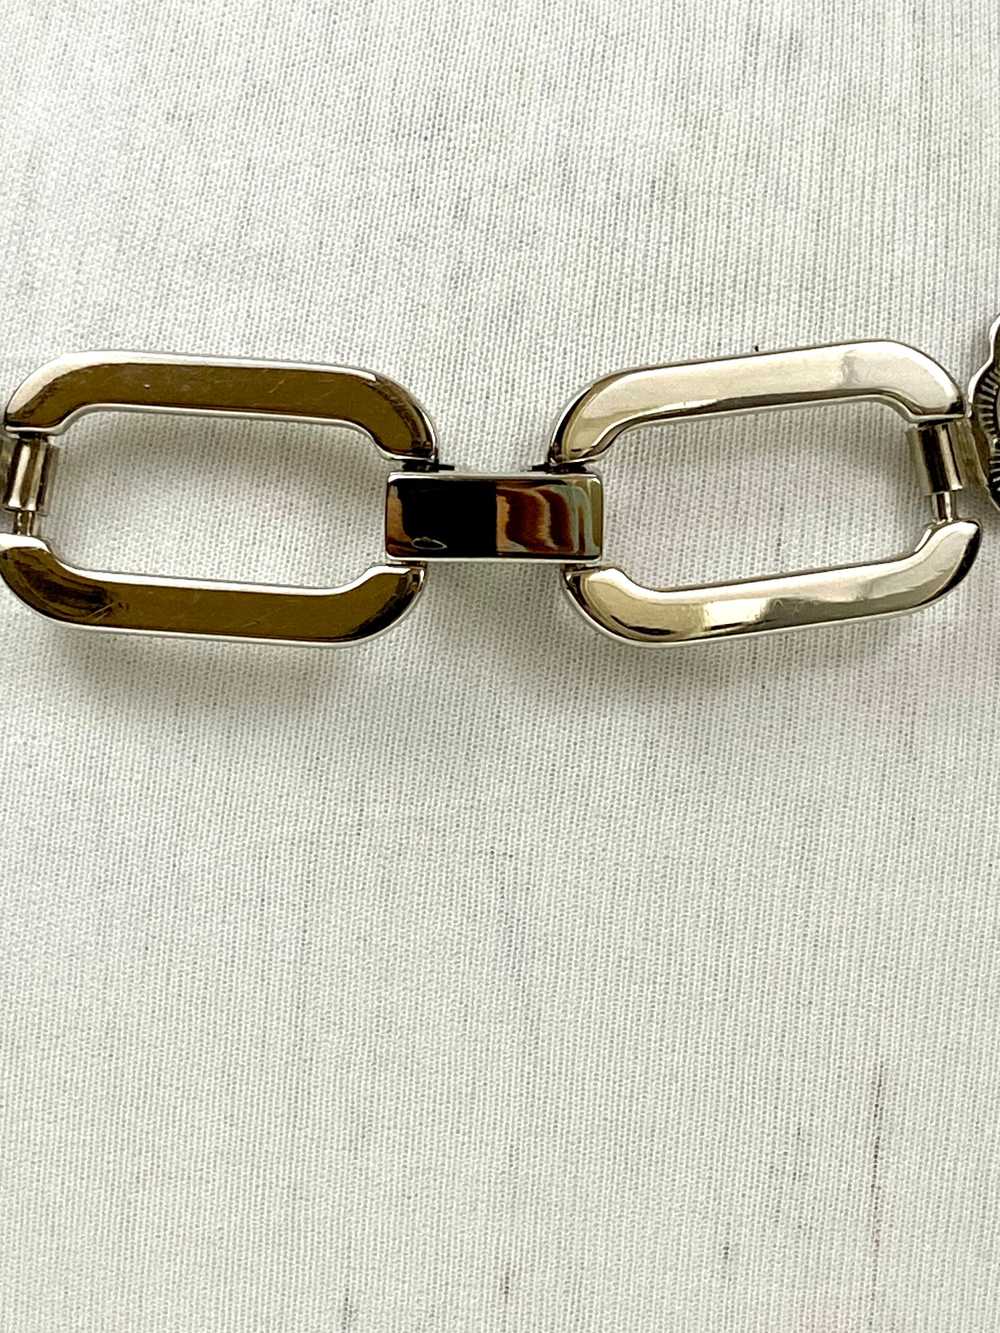 Waist chain belt - image 4
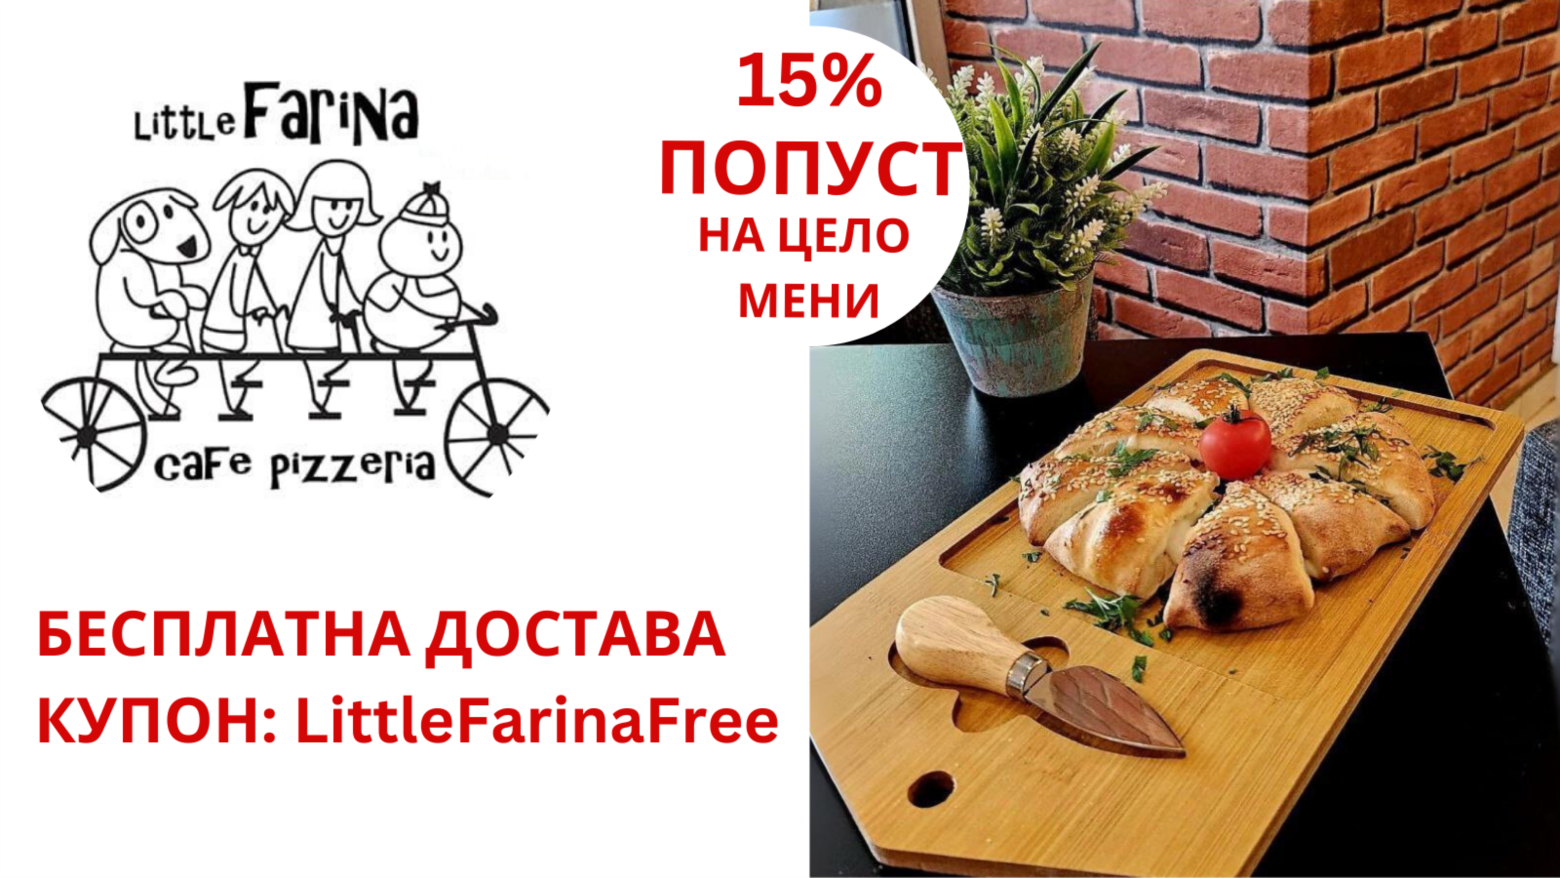 Little Farina 15%
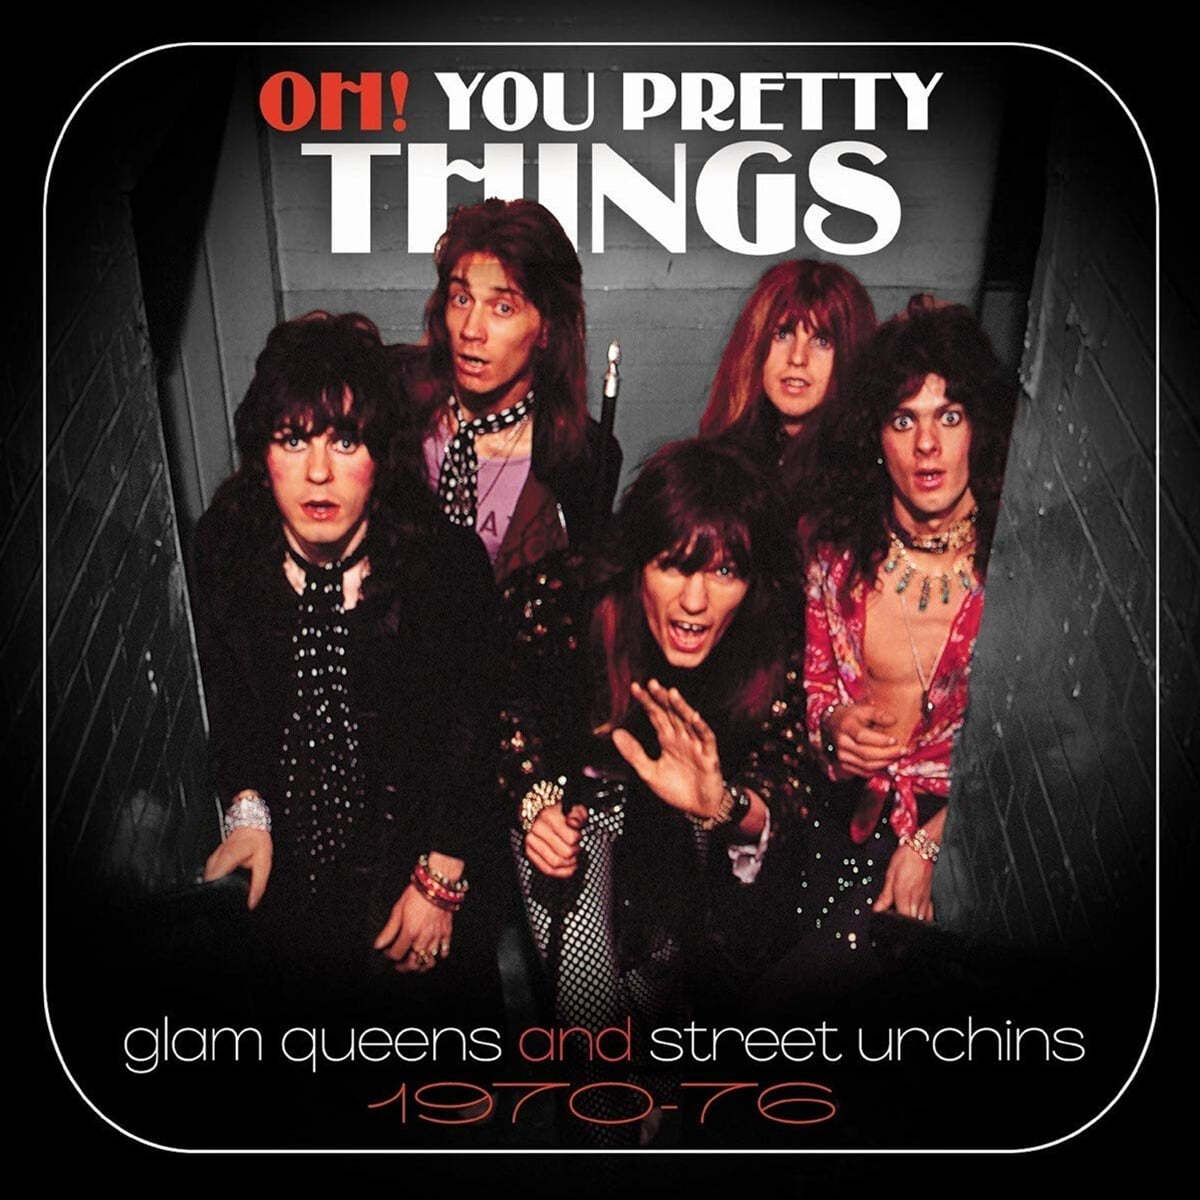 펑크, 하드 락 모음집 (Oh! You Pretty Things : Glam Queens And Street Urchins 1970-76)) 
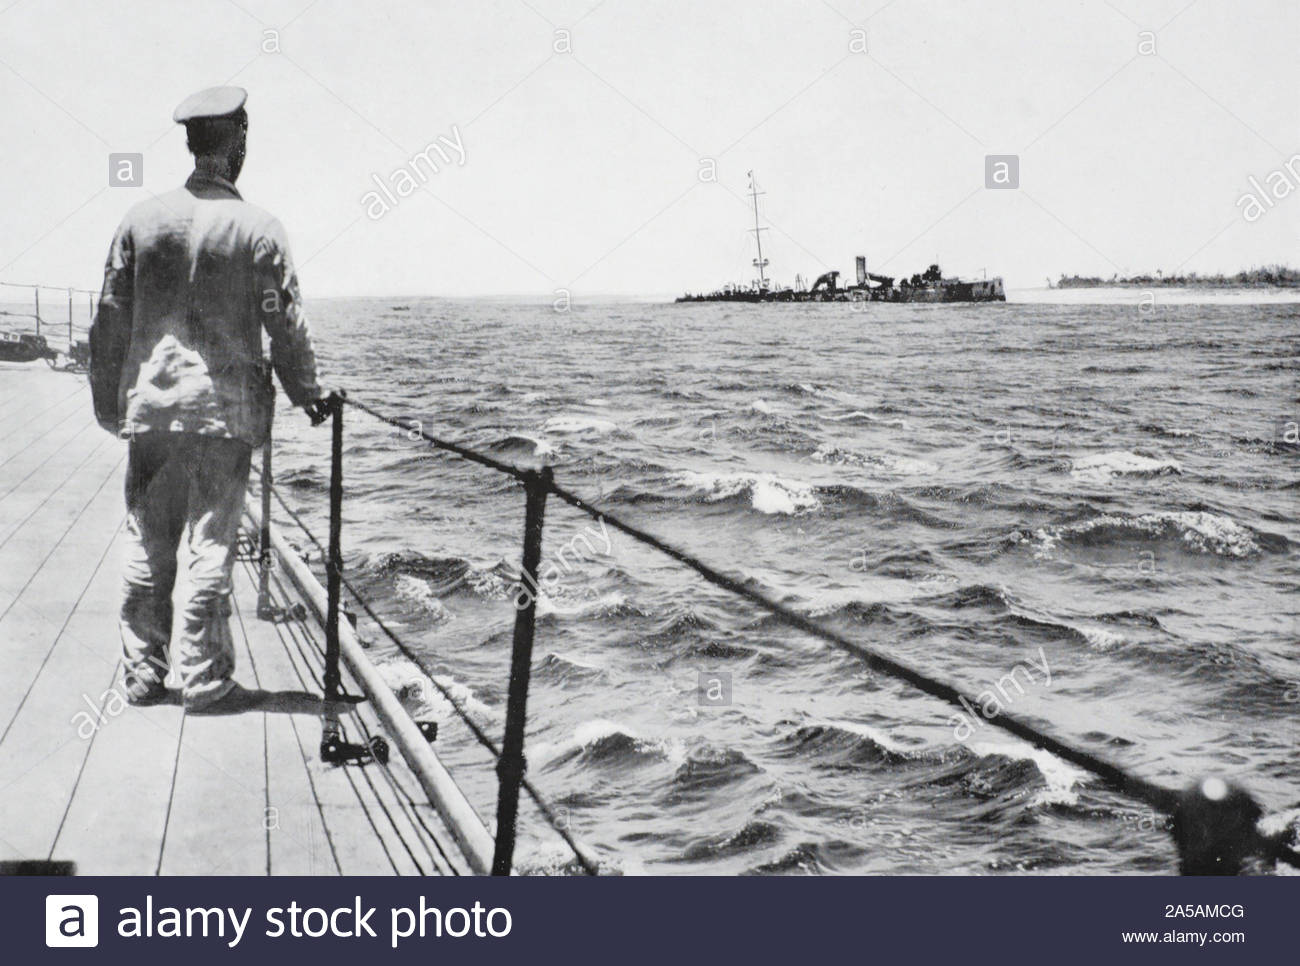 WW1 SMS Emden était un croiseur léger de classe Dresde construit pour la Kaiserliche Marine, illustré ici mis à la masse à l'offshore des îles Cocos Keeling après avoir été désactivé par la Marine royale australienne croiseur HMAS Sydney pendant la bataille de Cocos, vintage photographie de 1914 Banque D'Images
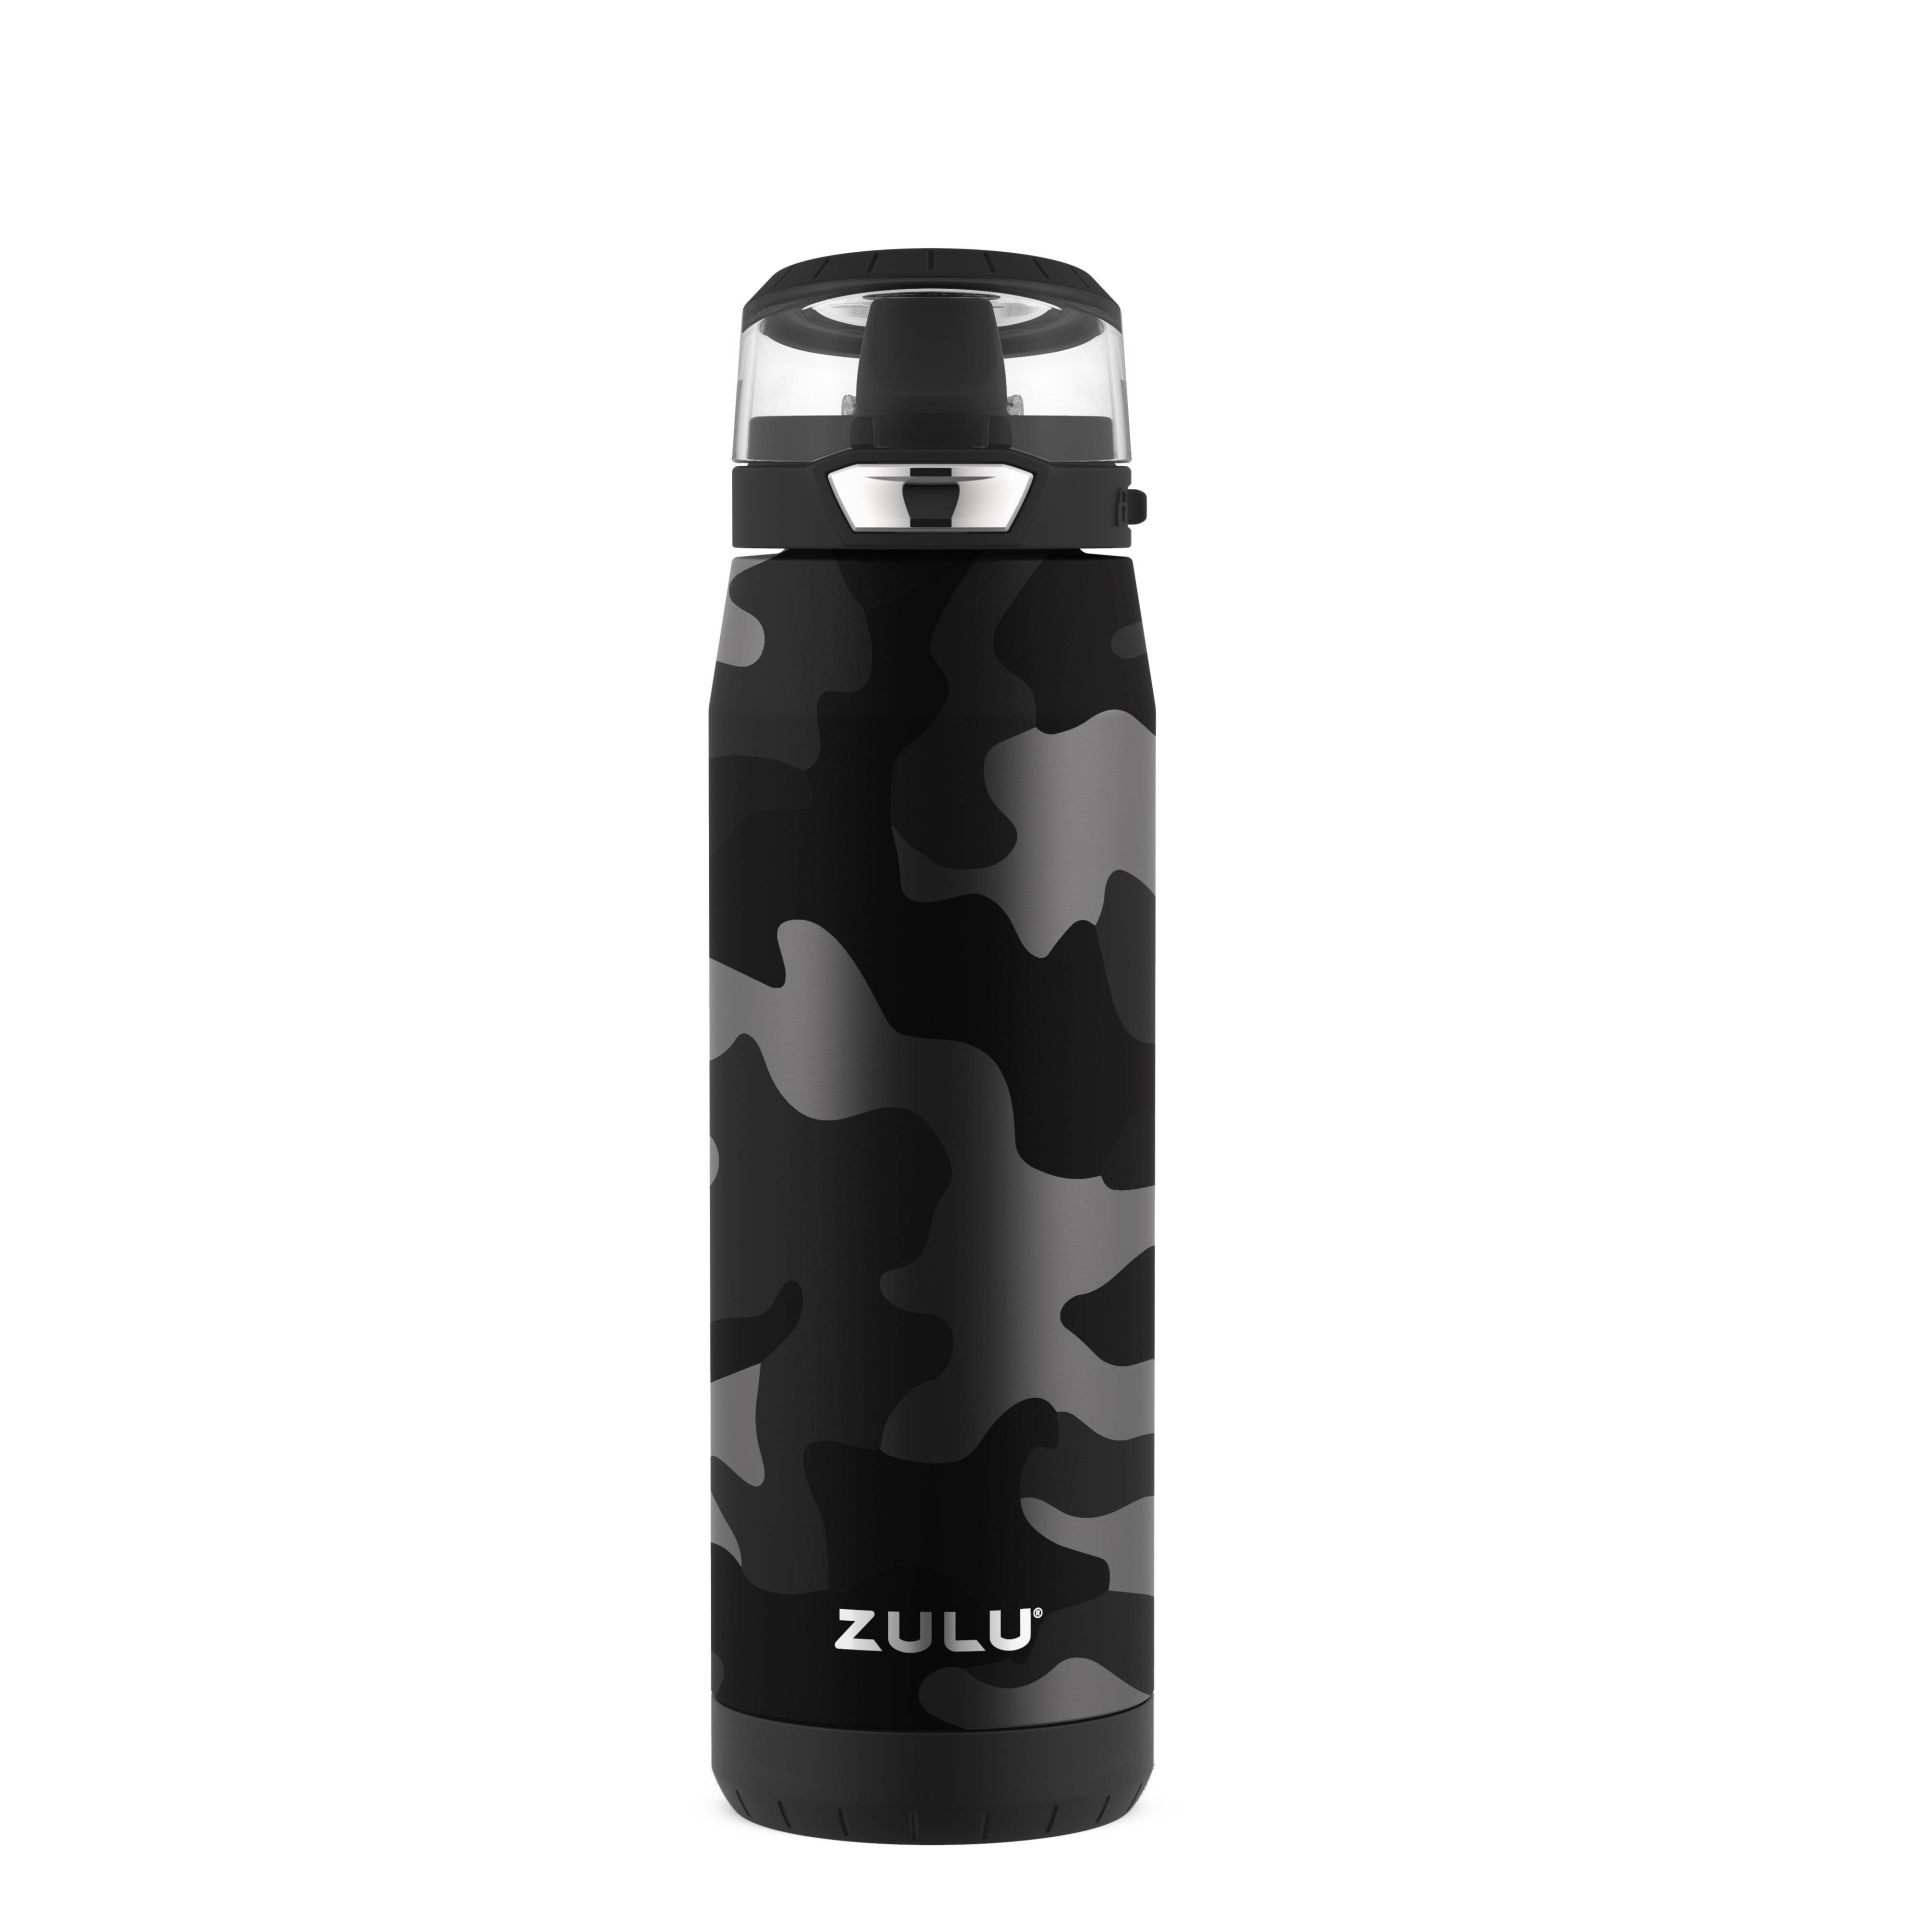 Zulu Swift Stainless Steel Water Bottle - Camo Black 20 oz | Shipt Zulu Stainless Steel Water Bottle

* * *

> **ASSIGNMENT**
In the entries above, find the line containing "Little Farina 15%"; transcribe exactly that line and every line after it through the end, and only those, omitting pictures.

> **SOLVED EXERCISE**
 Little Farina 15%
 펑크, 하드 락 모음집 (Oh! You Pretty Things : Glam Queens And Street Urchins 1970-76)) 
 WW1 SMS Emden était un croiseur léger de classe Dresde construit pour la Kaiserliche Marine, illustré ici mis à la masse à l'offshore des îles Cocos Keeling après avoir été désactivé par la Marine royale australienne croiseur HMAS Sydney pendant la bataille de Cocos, vintage photographie de 1914 Banque D'Images
 Zulu Swift Stainless Steel Water Bottle - Camo Black 20 oz | Shipt Zulu Stainless Steel Water Bottle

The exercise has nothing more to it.